* What to produce *
A verbatim copy of the listing is what is needed, minus any pictures.

* Raw data *
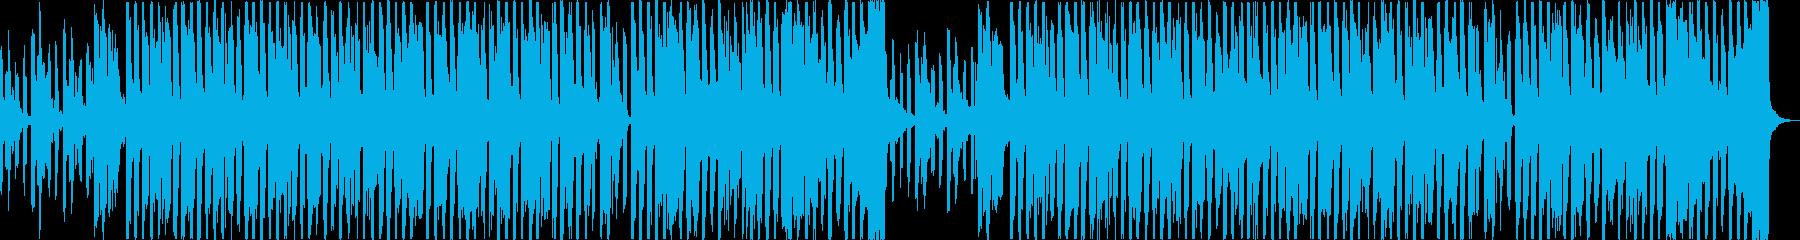 おしゃれチルヒップホップR&Bハウスaの再生済みの波形
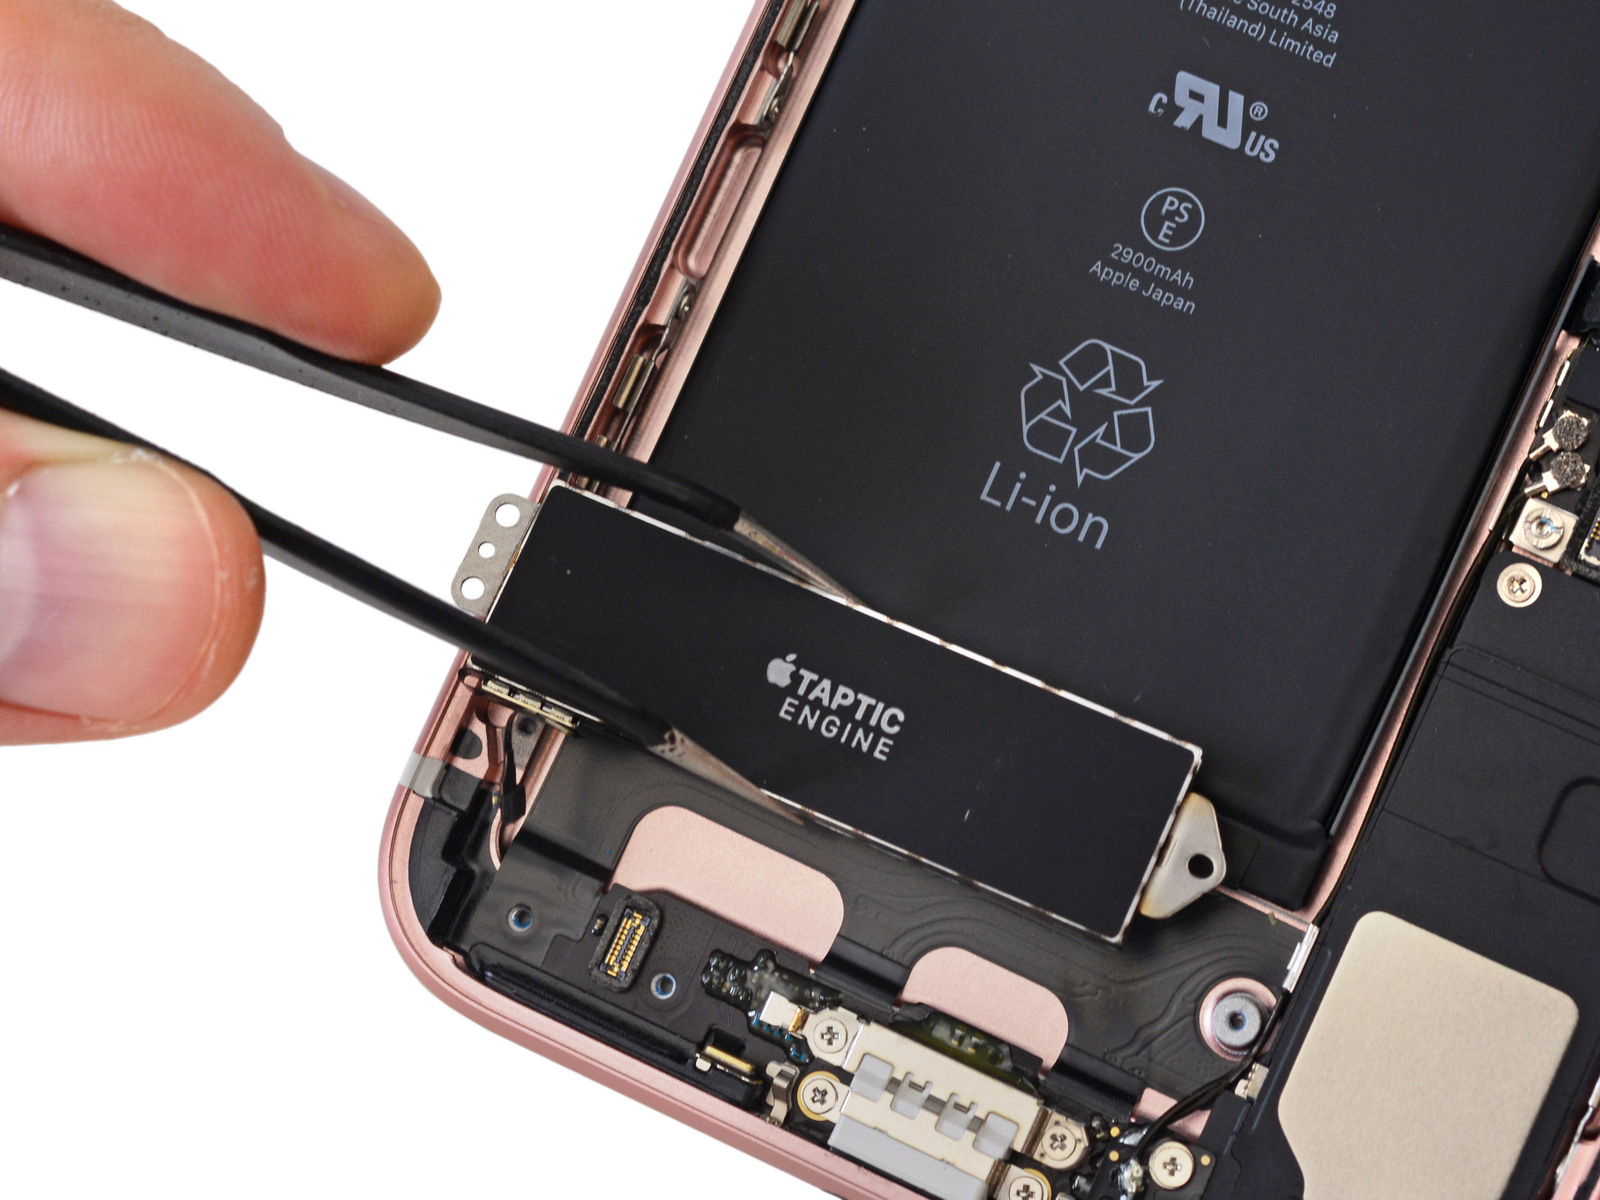 IPhone 7 Gut Zu Reparieren Wurden Apple Produkte Oft Dafur Kritisiert Durch Kompakte Bauweise Massiven Einsatz Von Kleber Sowie Fest Angebrachte
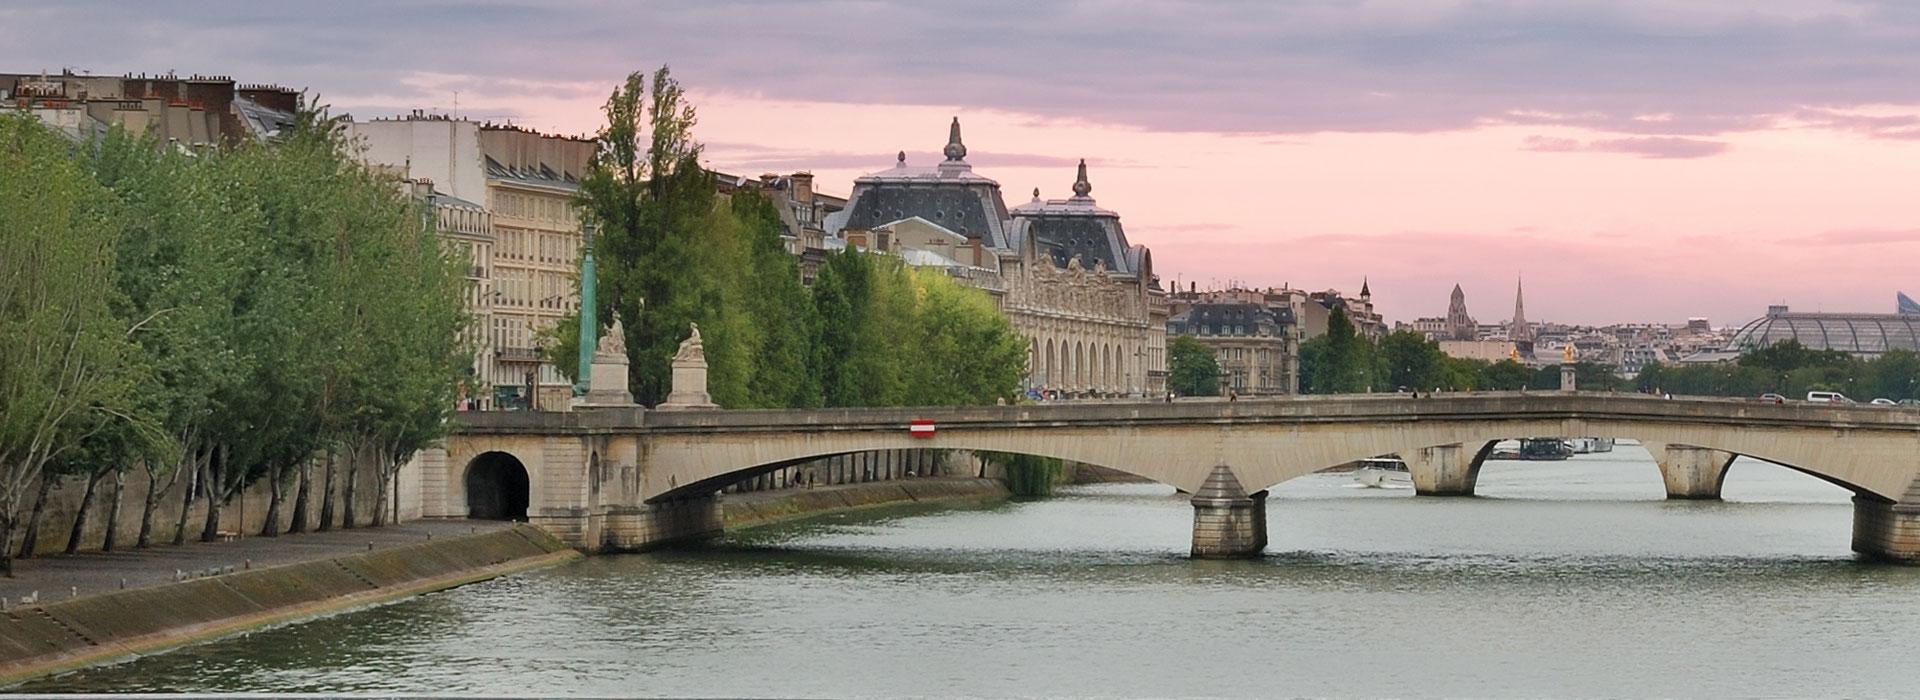 EDF Paris : Est-ce que la concurrence suit derrière ?

* Task answer *
 おしゃれチルヒップホップR&Bハウスaの再生済みの波形
 IPhone 7 Gut Zu Reparieren Wurden Apple Produkte Oft Dafur Kritisiert Durch Kompakte Bauweise Massiven Einsatz Von Kleber Sowie Fest Angebrachte
 EDF Paris : Est-ce que la concurrence suit derrière ?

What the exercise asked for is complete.